Intentionally interfering with relationships and/or contracts and causing someone to suffer economic damages is referred to as tortious interference. This misconduct is often seen in the business world and typically sparks a dispute between companies and clients; sellers and buyers; or employers and employees.
One such case was recently filed in another state, and it serves as one type of scenario involving possible misconduct and tortious interference. The woman who filed the claim says she lost two employment opportunities when her former employer interfered with her contractual relationships.
The case argues that she was fired and then the defendants refused to submit information requested as part of the woman’s credentialing. Because of this failure, she was denied employment and suffered emotional and financial damages. The woman is requesting a jury trial and damages.

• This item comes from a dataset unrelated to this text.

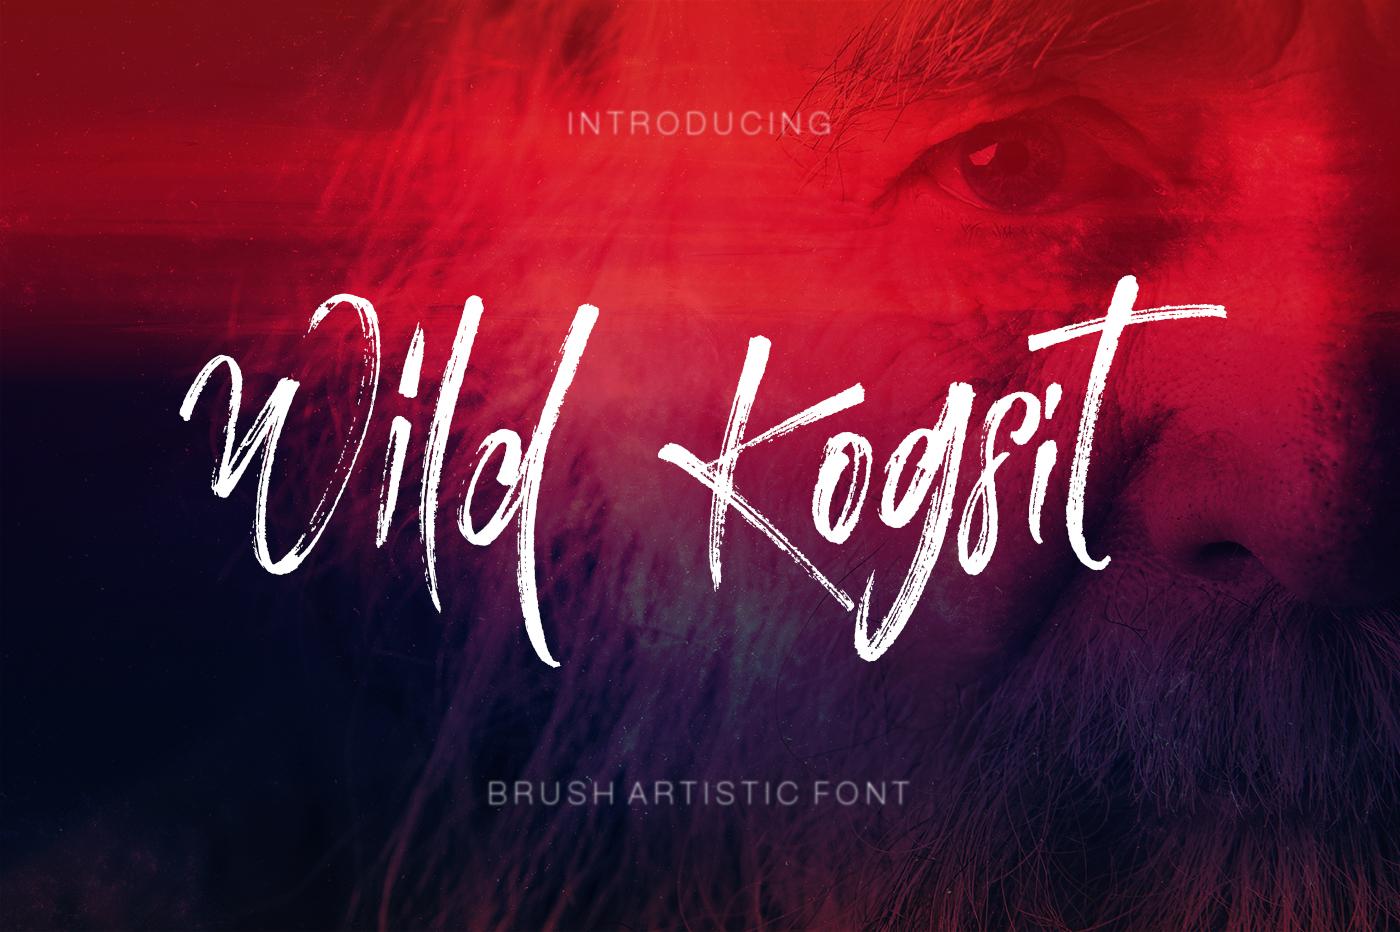 Wild Kogsit Artistic Script Font example image 1

This is just one example of tortious interference. Other examples could include blackmailing someone so that he or she will violate a confidentiality agreement, or trying to put a company out of business by refusing to provide promised services, preventing it from fulfilling its own obligations.
What all of these examples have in common are the elements of tortious interference. These include:
- Knowing that a relationship or contract exists
- Interfering with that relationship or contract
- Doing so intentionally and with improper motives
- Causing a person to suffer damages as a result of that interference
If you believe that you have lost opportunities due to tortious inference or if you feel you were forced to break a contract by another party, it can be critical that you consult an attorney familiar with these claims.
Business torts are typically complex claims with significant remedies at stake, so it is a good idea to utilize all the resources available. With legal support and guidance, victims of tortious interference can seek the compensation and justice they deserve.